We will attempt to use earth observation to tell this story and asses the traffic situation using Sentinel 1 imagery form ESA and Google Earth Engine cloud computing platform. GEE makes it easier to view and analyze it from above and realize the impedance to Canal navigation initiated by the Ever Given ship.
To do this:
- Import Sentinel 1 image GRD image collection on Google Earth Engine covering the area around the Suez canal
var sentinel1 = ee.ImageCollection("COPERNICUS/S1_GRD"),
geometry =
/* color: #d6cdcb */
/* shown: false */
/* displayProperties: [
{
"type": "rectangle"
}
] */
ee.Geometry.Polygon(
[[[32.07628670280444, 30.474108789352172],
[32.07628670280444, 30.152830750595967],
[32.68328133171069, 30.152830750595967],
[32.68328133171069, 30.474108789352172]]], null, false);
- Filter the image collection by date between the 2021 March 23 and 2021 March 27 and select the interferometric wide swath mode.
var s1 = sentinel1
// Filter to get images with VH polarization.

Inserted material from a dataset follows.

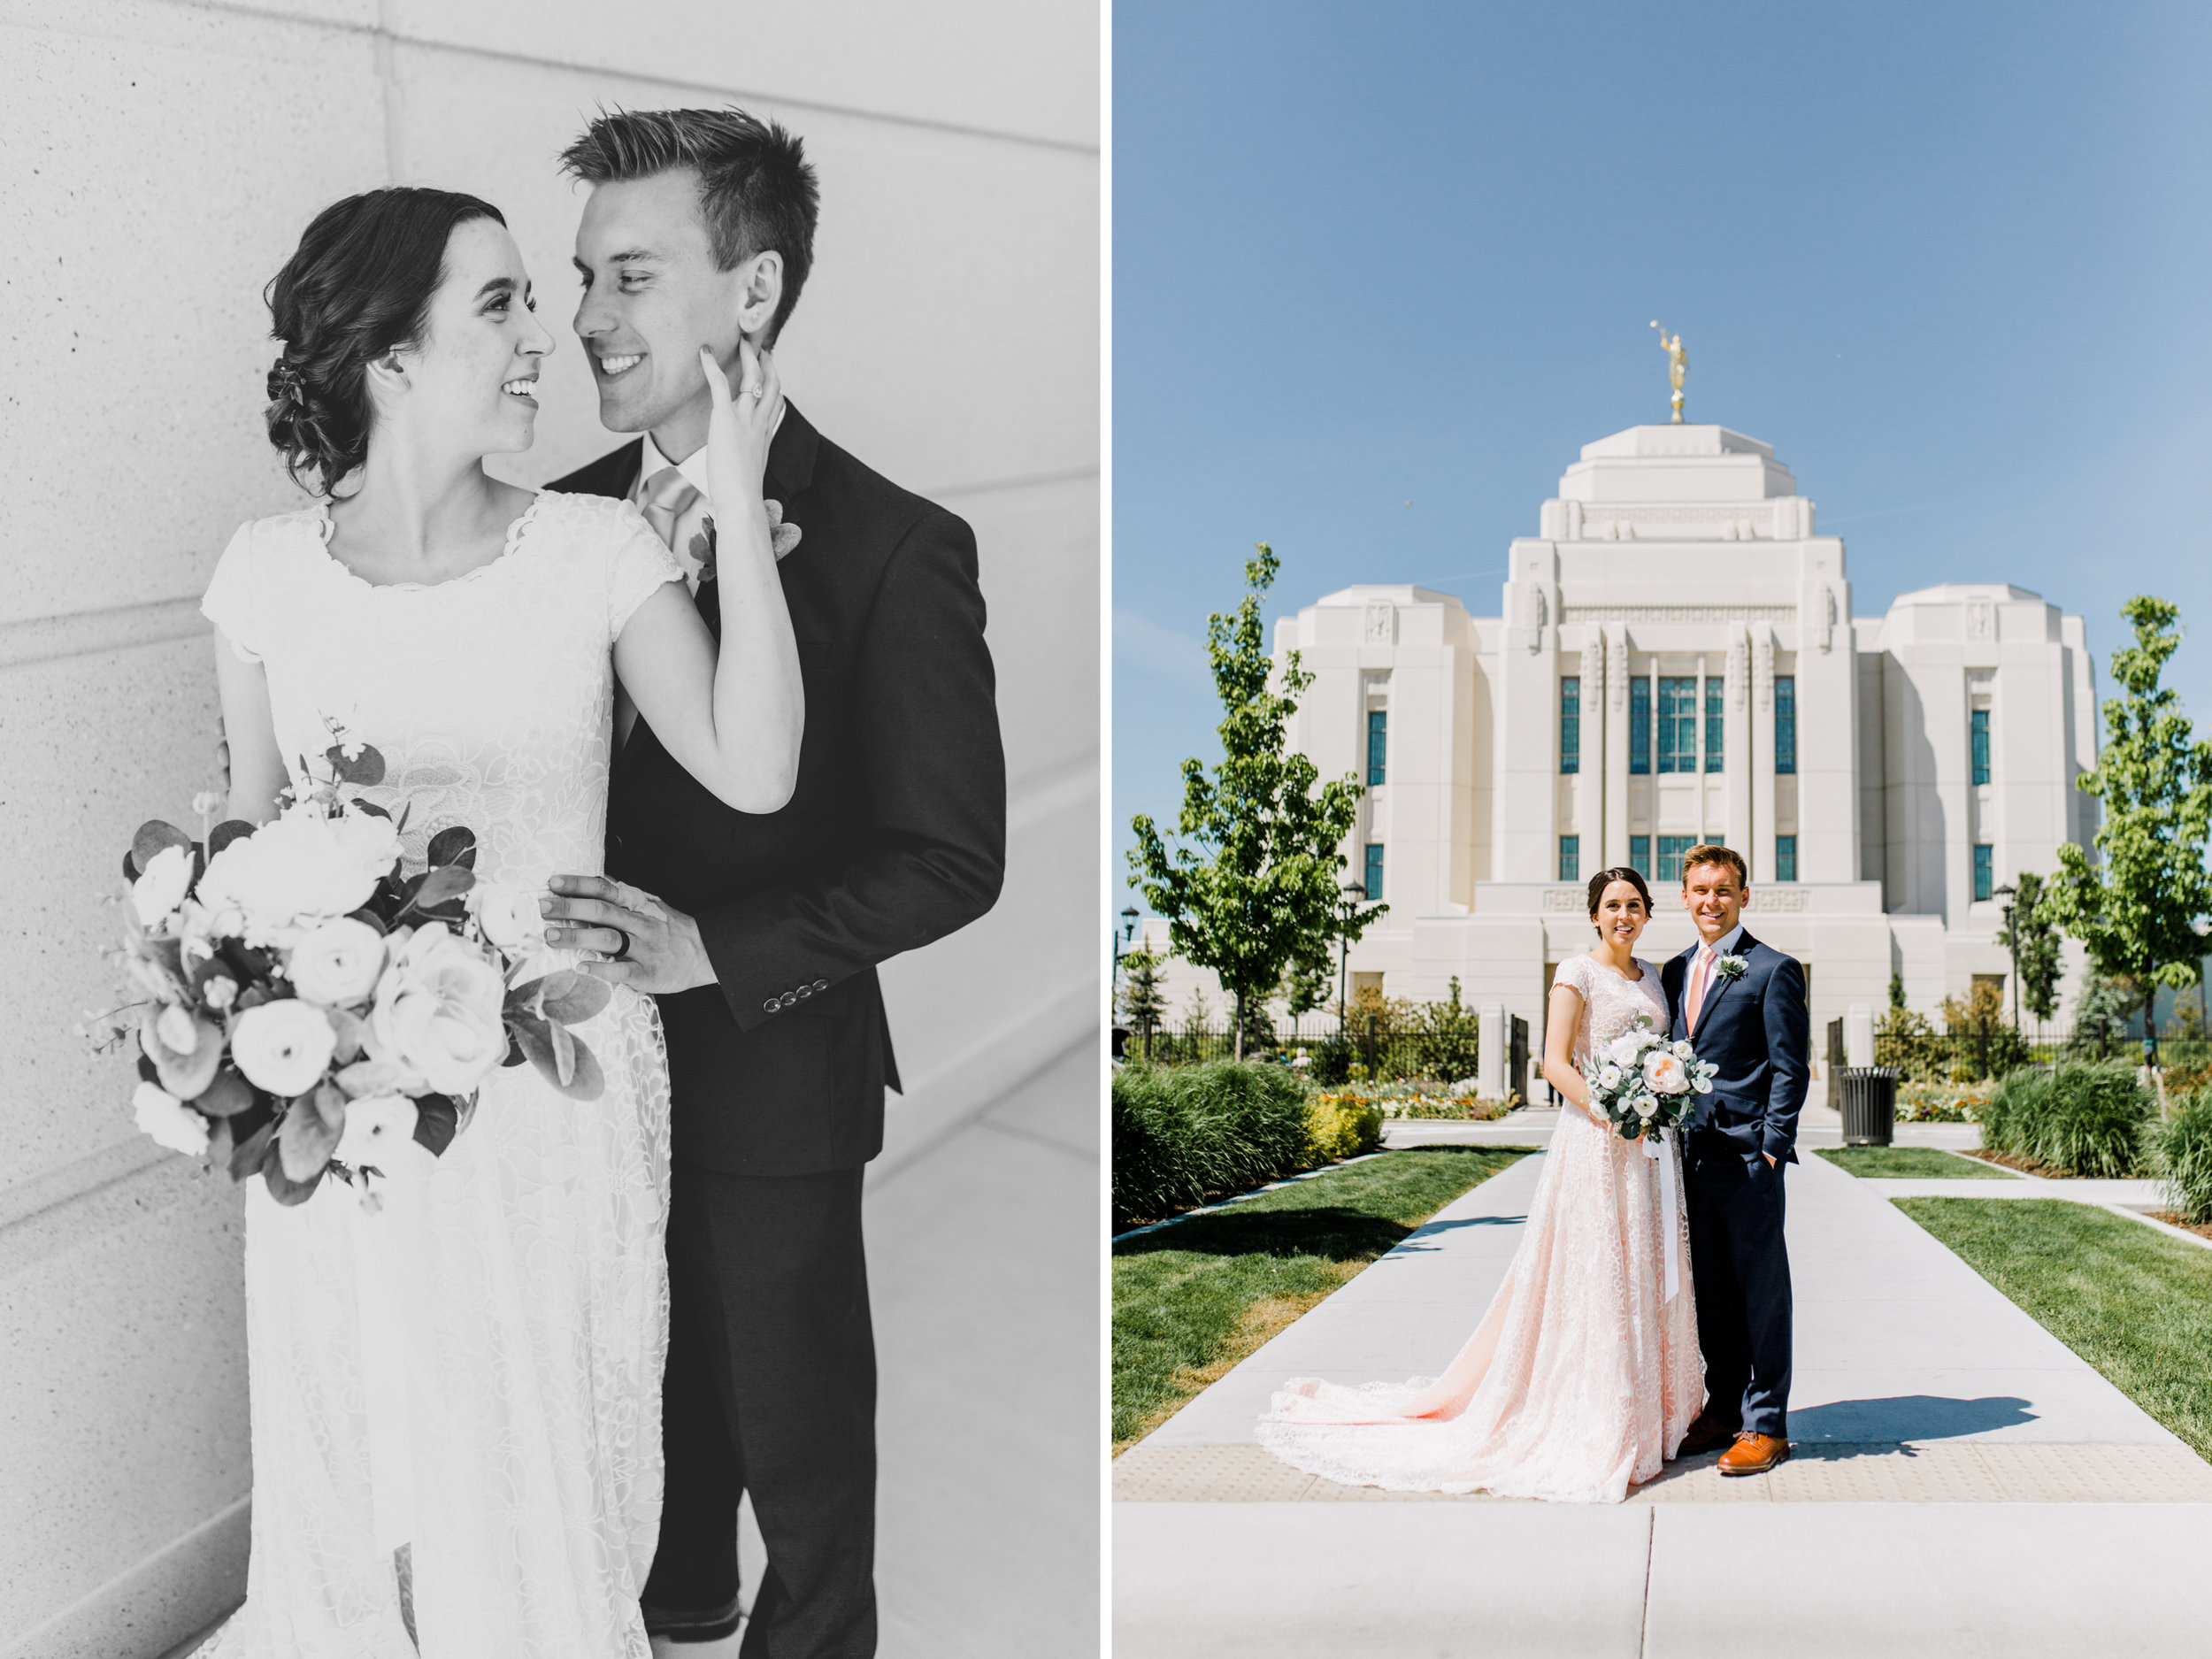 lds-meridian-temple-wedding-photographer-anna-christine-photography-rexburg9.jpg

//.filter(ee.Filter.listContains('transmitterReceiverPolarisation', 'VH'))
// Filter to get images collected in interferometric wide swath mode.
.filter(ee.Filter.eq('instrumentMode', 'IW'))
.filterBounds(geometry)
.filterDate("2021-03-23","2021-03-27");
print("s1",s1)
print(s1.size())
Map.centerObject(geometry, 10);
Map.addLayer(s1, {min: -15, max: 0}, 's1')
- Now we get the distance, as determined by the specified distance metric, to the nearest non-zero valued pixel in the input. The output contains values for all pixels within the given neighborhood size, regardless of the input's mask. Note that the default distance metric returns squared distance so we have to do a squre root.
//corrode
function erode(img, distance) {
var d = (img.not().unmask(1)
.fastDistanceTransform(256).sqrt()
.multiply(ee.Image.pixelArea().sqrt()))
return img.updateMask(d.gt(distance))
}
//Swell
function dilate(img, distance) {
var d = (img.fastDistanceTransform(256).sqrt()
.multiply(ee.Image.pixelArea().sqrt()))
return d.lt(distance)
}
- Creating the Land and ocean mask
//DEMandlandmask
var land = ee.Image("USGS/SRTMGL1_003").unmask(0).gt(0)
var landMask = erode(dilate(land, 200), 100).mask().eq(1) //These two functions are used to make raster buffer
var oceanMask = erode(land.not(), 50).mask().eq(1)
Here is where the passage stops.